1 2 3 4 Previous Next 47 Replies Latest reply on Jan 7, 2015 12:54 PM by Alex Cook

    Utilization rates over the course of a day - a variation of the queue length problem.

      Hi everybody!

       

      What I Want To Do

      I want to graph average utilization rates over the course of a day using data with start and end time stamps.

       

      Technical Difficulty

       

      My data is in the following format:

       

      Location-  startTime- endTime - total

      table1- 11:30 - 13:30 - 120 minutes

      table1- 11:45 - 13:15 - 90 minutes

      table1  - 13:05 - 13:20 - 15 minutes

      table2 -...

       

      If I take total minutes as measure and hour as dimension, the most active hour is 11:00:

       

      11:00 - 210 minutes

      12:00 - 0 minutes

      13:00 - 15 minutes

       

      Which is incorrect since 12:00 is the most active hour! This is taken from this thread: Hours in a Day - Displaying 'time worked' and 'dead time'

       

      I attached a screenshot called "perfect" that shows the type of graph I'm interested in, except that it's following the pattern from above (not distributing the hours worked over the time period, but attaching everything to the start).

       

      Or this one: The daily census Workbook (also attached) from this thread:Daily Census (on sheet 2).


      I tried using the solution proposed in this thread: How can you calculate queue length using Tableau?
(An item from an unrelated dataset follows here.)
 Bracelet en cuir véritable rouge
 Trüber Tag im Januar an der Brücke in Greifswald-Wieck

Using the "union all" SQL approach outlined here leaves me with the delta of started (but not yet ended) locations, which is fine for queues, but not terribly helpful for utilization questions.

       

      My Question

      How do I get to a graph showing the average number of tables used over the course of a day (so... 3,3 out of 4 location were used on average between 8 and 9, two out of four between 16.00 and 17.00). In German it's called a Ganglinie, in English a Hydrograph as far as I know. Basically the attached picture called "perfect" or "Ganglinie"
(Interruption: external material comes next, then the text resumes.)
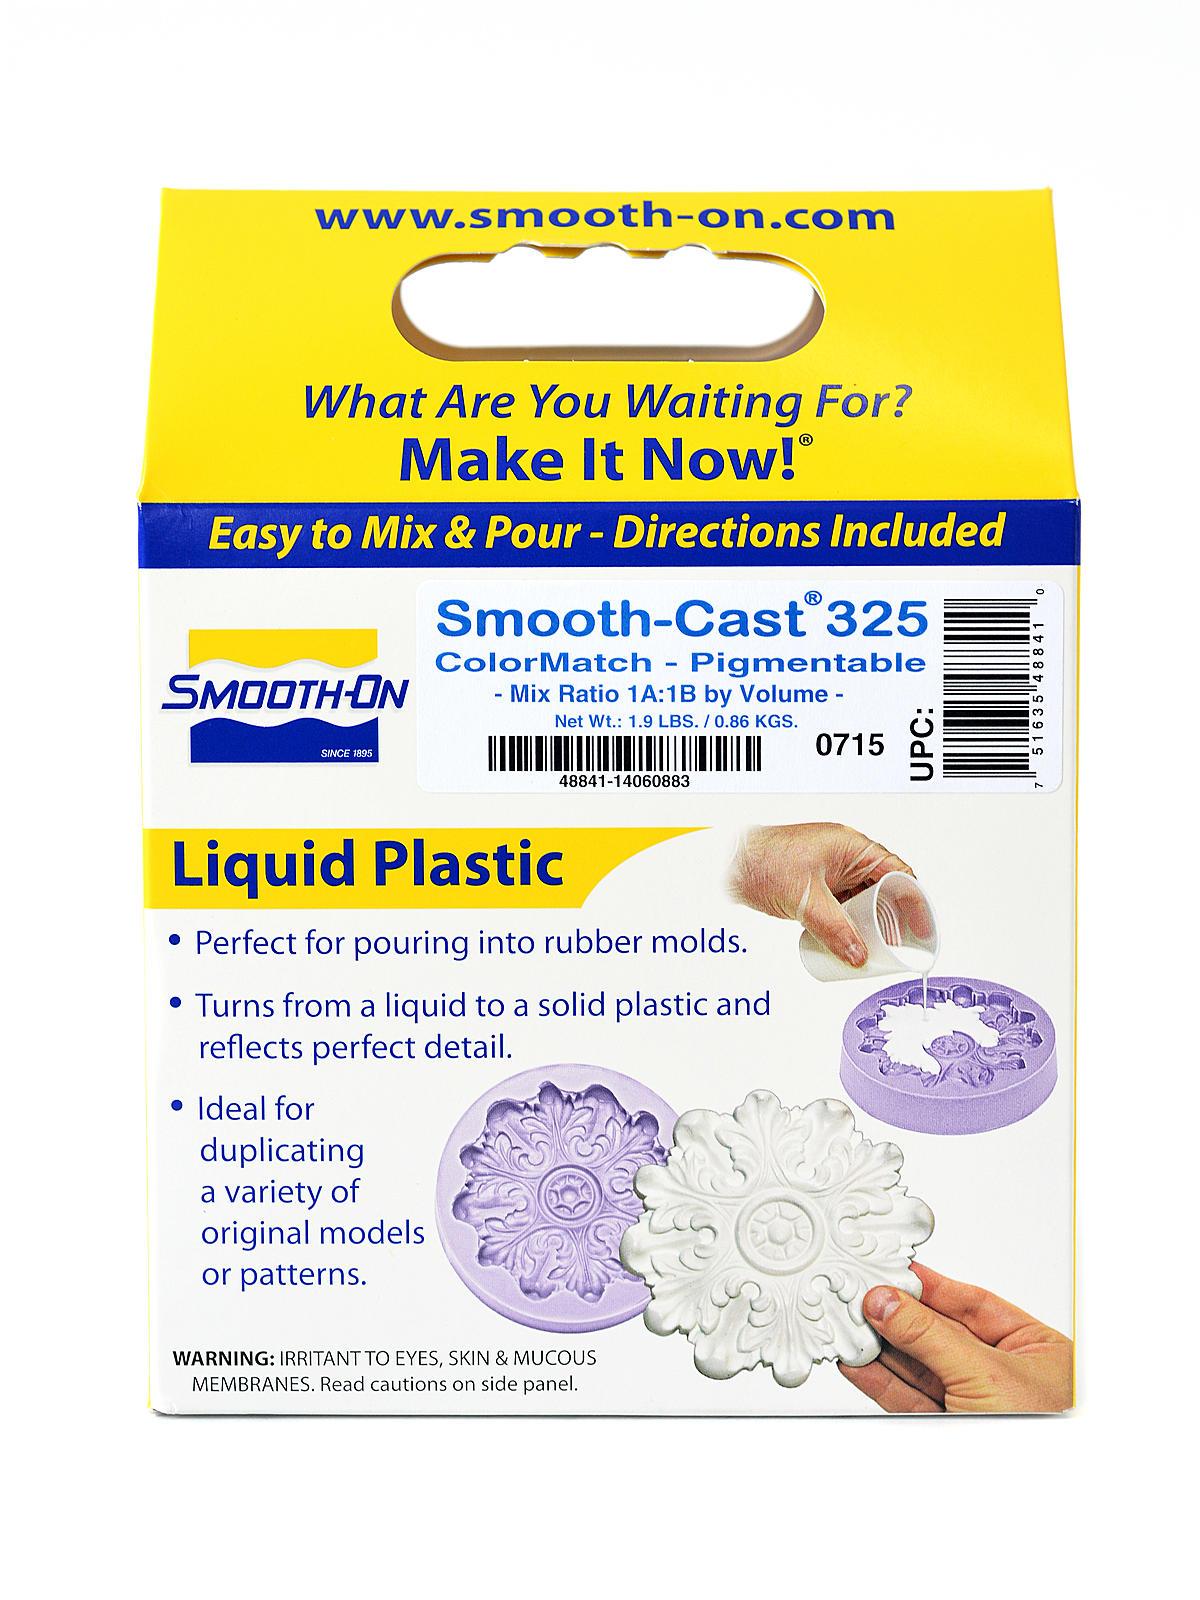 Smooth-Cast 325 ColorMatch Liquid Plastic Compound

        • 1. Re: Utilization rates over the course of a day - a variation of the queue length problem.
          Alex Kerin

          I'm not sure I have exactly the view/chart you need, but I believe I have the data in the format you need at least.

           

          This is a less than straightforward technique. It's a combination of using the queue union all with delta, and a padding of the data so that we have all hour/date data for every location.

           

          Along with your original data there are two more sheets I had to add to the file - one with times in 10 minute increments for a 24 hour day, and a list of dates. These are used to pad the data out.

           

          First we round your dates to the nearest 10 minutes. We could do this on a minute to minute basis but would make the padded file even larger. 10 minutes should still give you utilization rates per hour that are pretty much correct.

           

          After getting the running sum by location, we need to copy the summary data out (view data, select all, copy) and add it back in as a new dataset. This is now a fully padded file and we the running sum is now hardcoded. You could avoid this step, but it becomes tricky (for me at least) to avoid issues with the partitioning to keep the running sum correct.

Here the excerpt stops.